*WHAT YOU NEED TO DO*. Your copy of the data should match it exactly, except that the pictures are gone.

*EXERCISE DATA*.
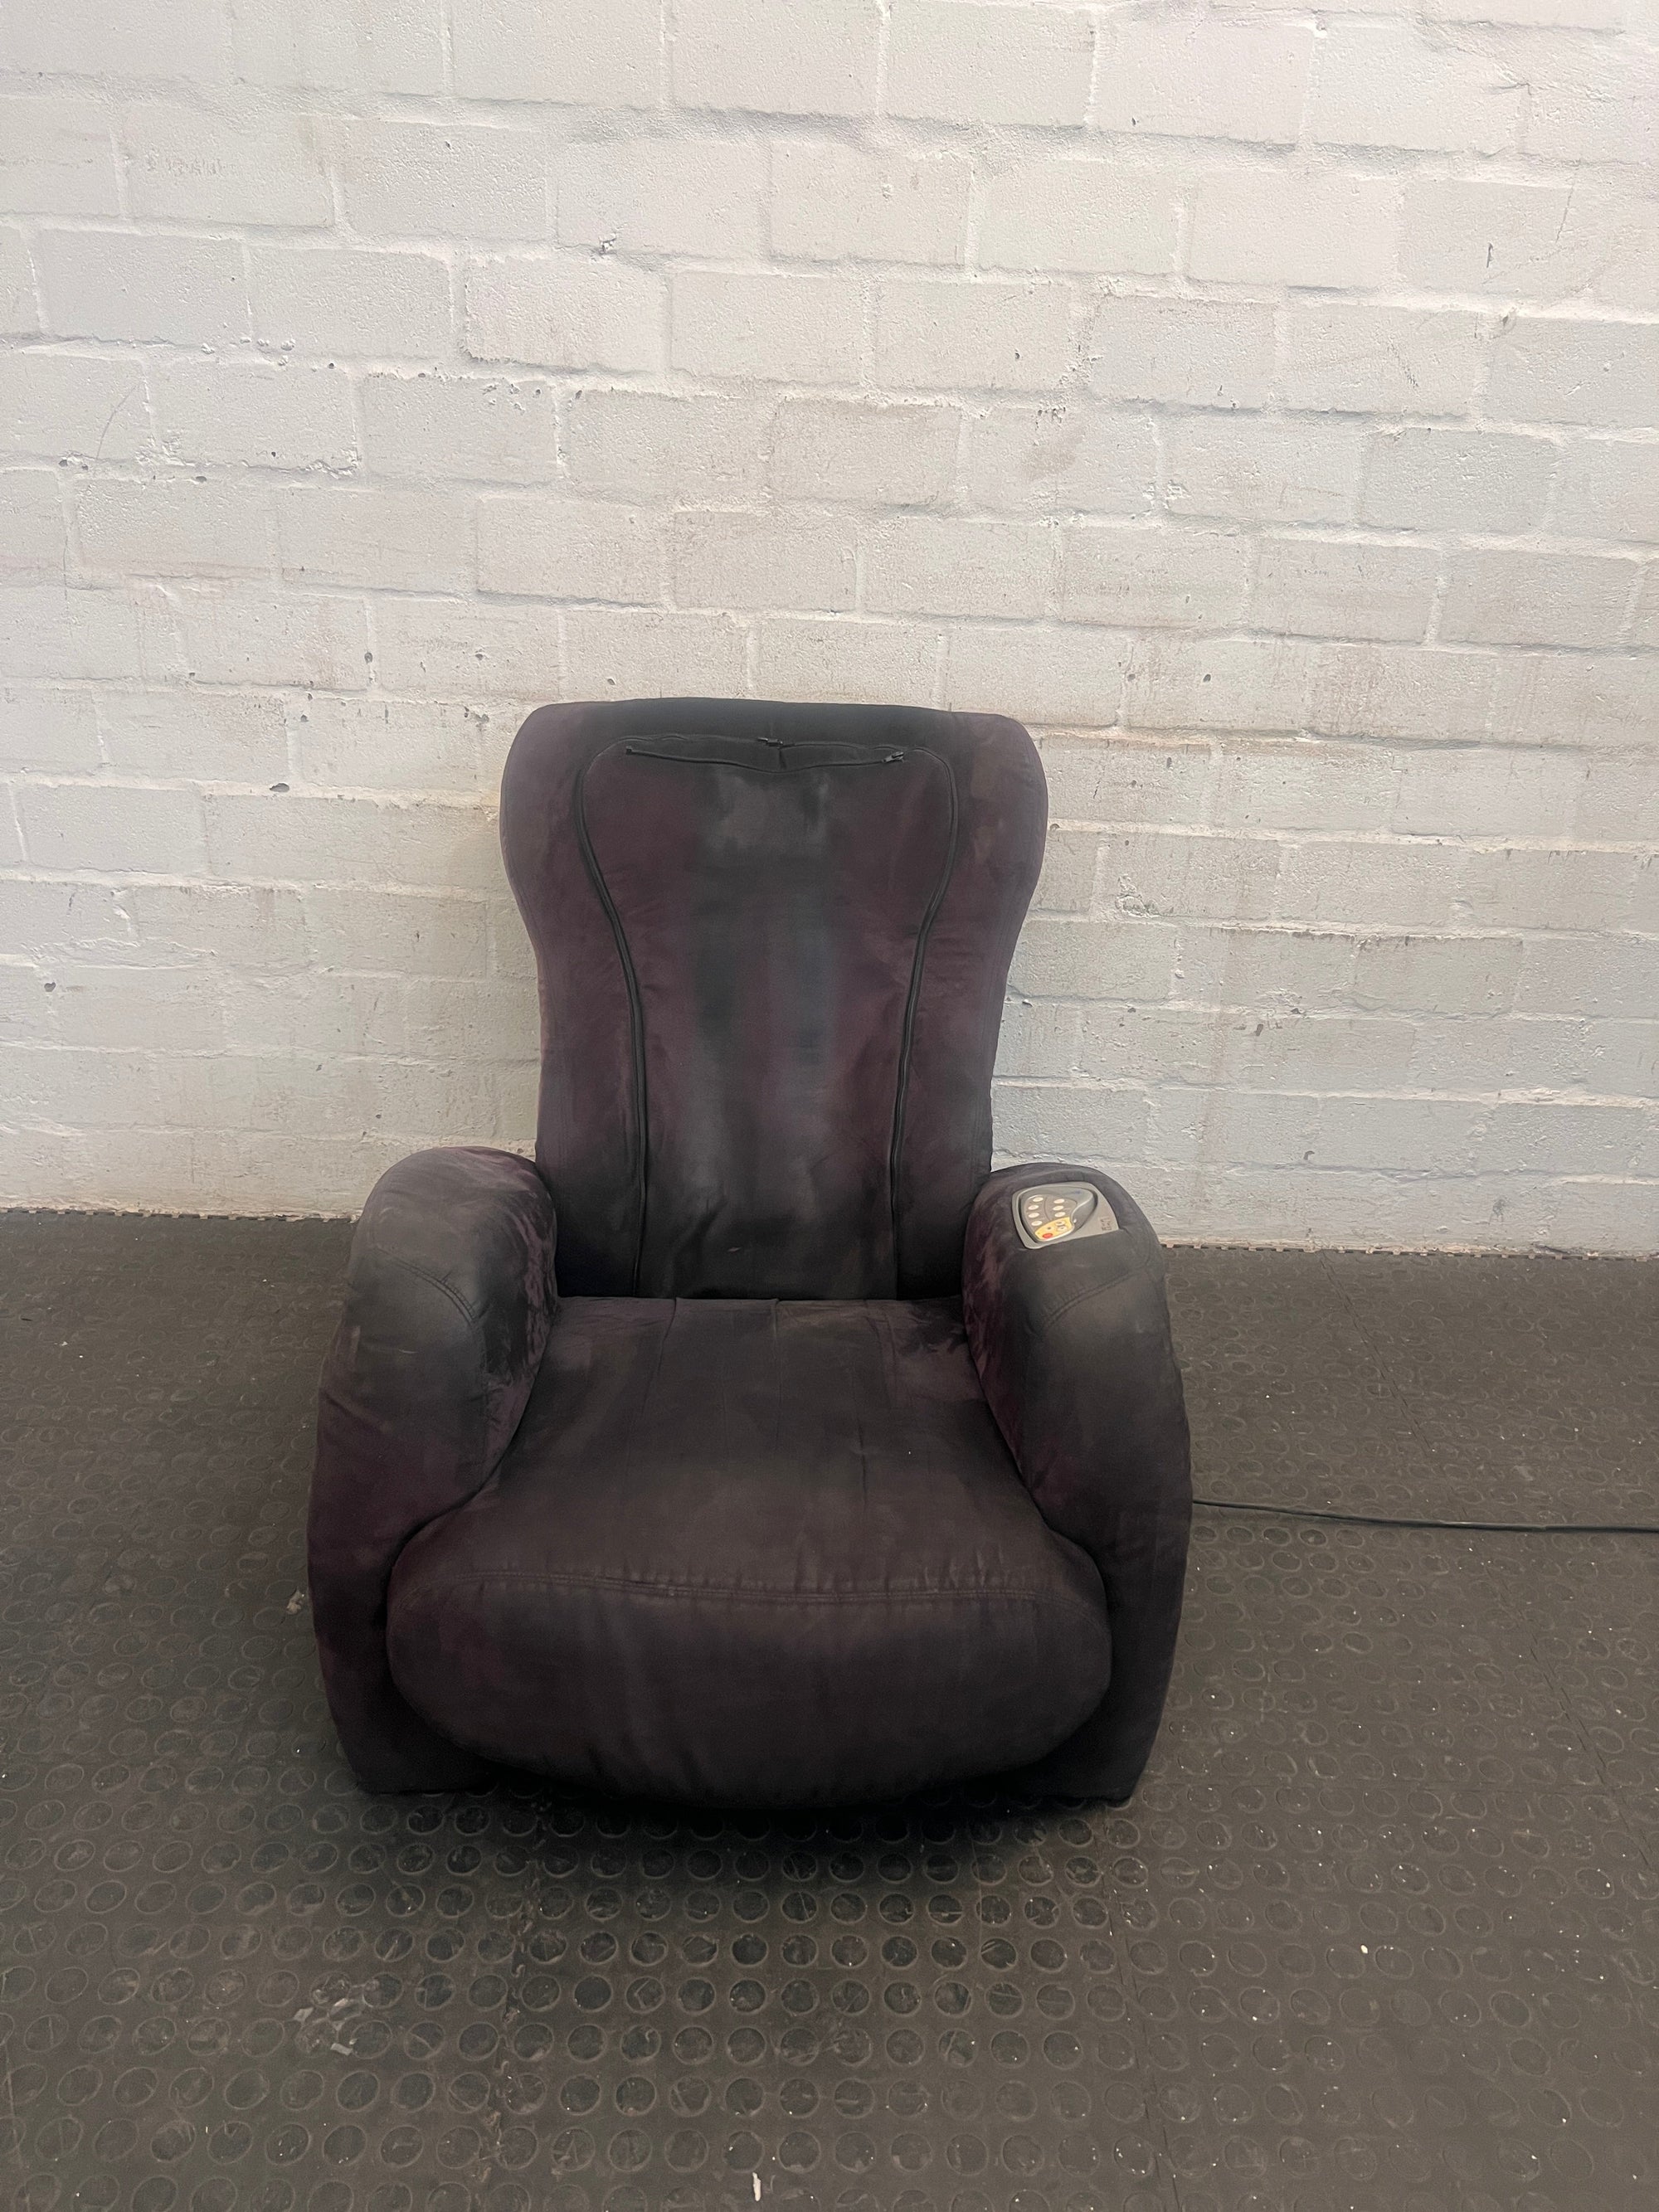 Black Massage Chair
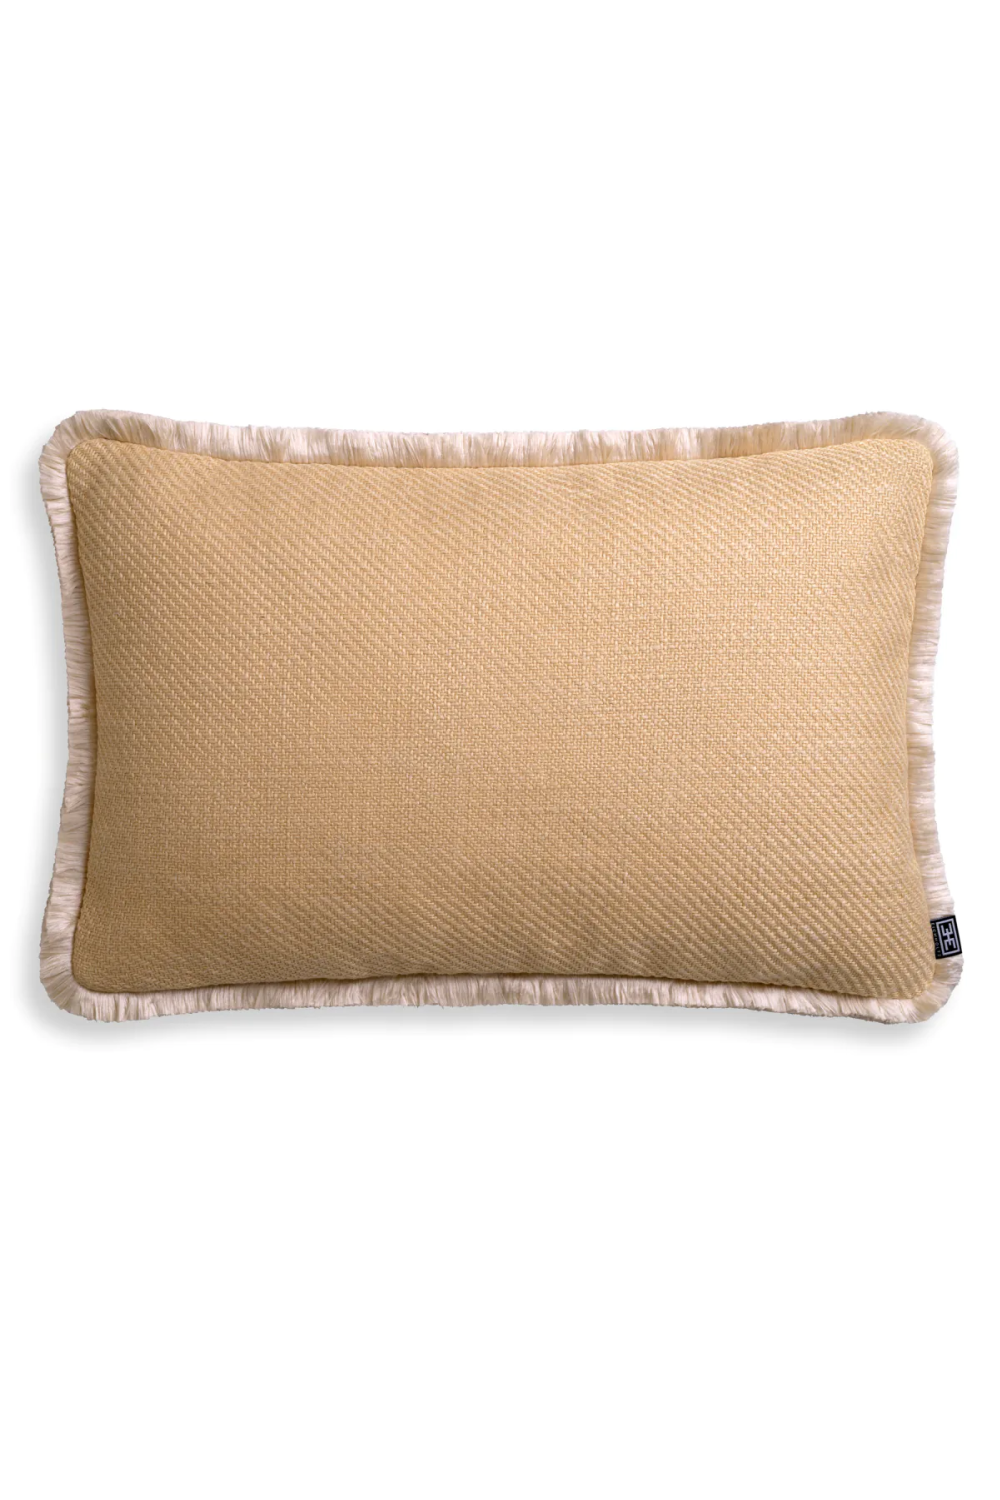 Fringed Modern Lumbar Pillow | Eichholtz Cancan | Oroa.com
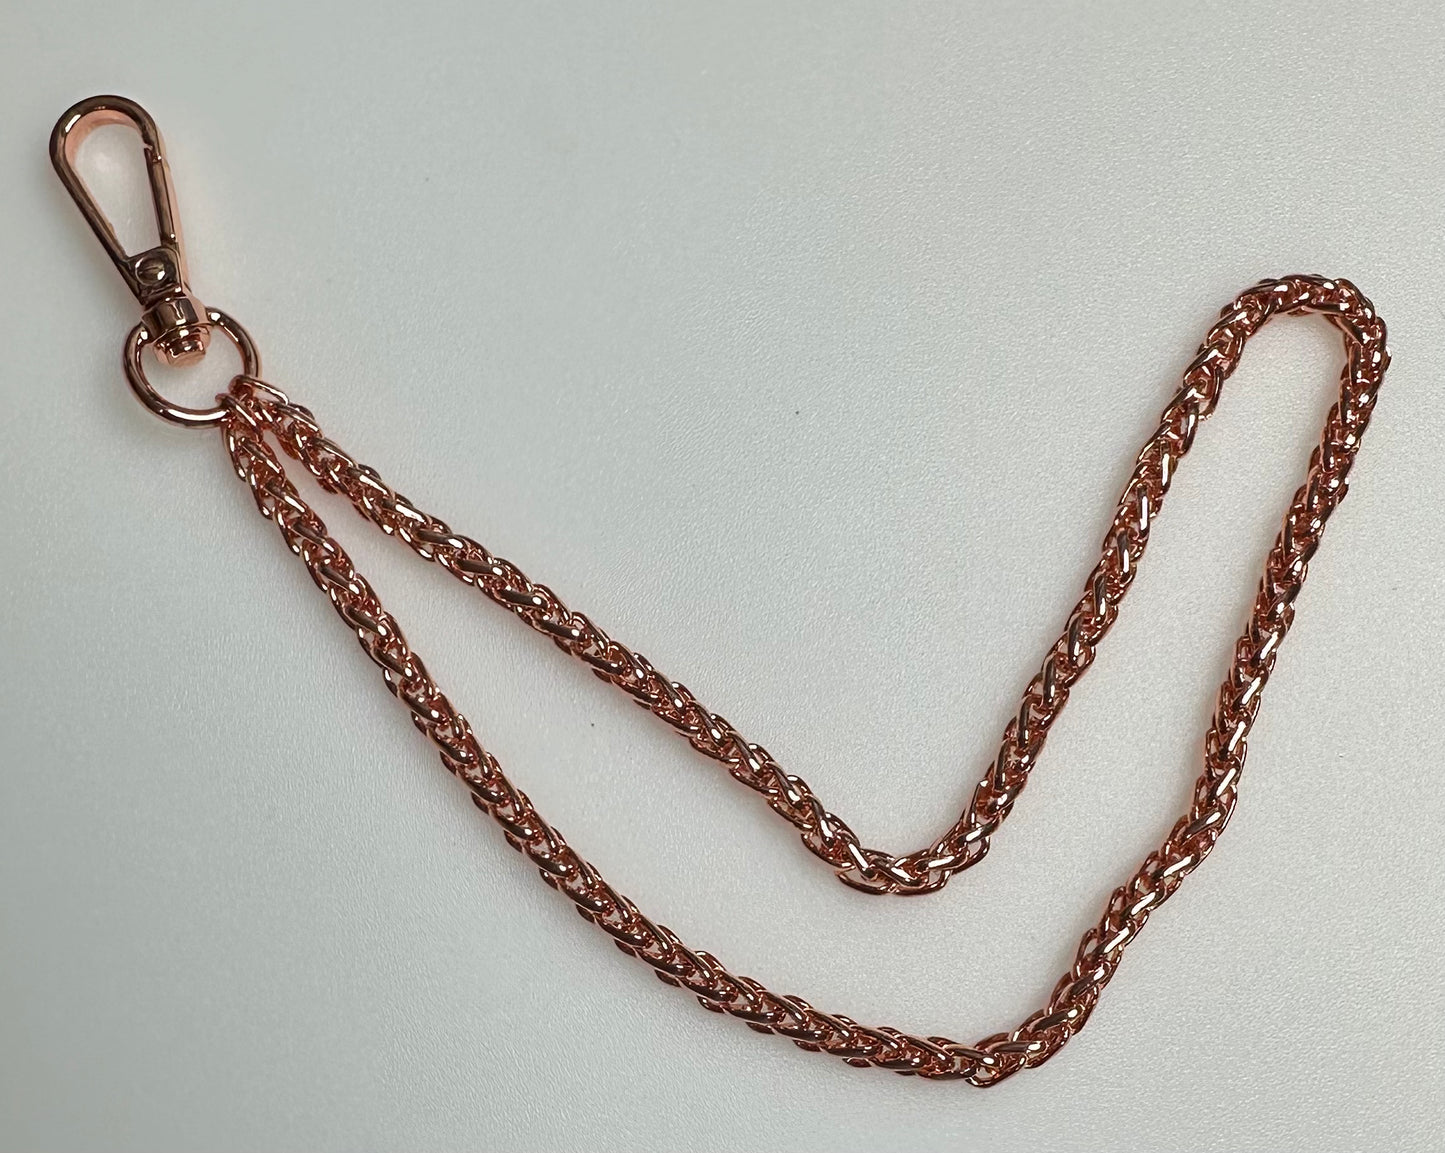 Wristlet Chain

*TASK ANSWER*.
 Black Massage Chair
 Fringed Modern Lumbar Pillow | Eichholtz Cancan | Oroa.com
 Wristlet Chain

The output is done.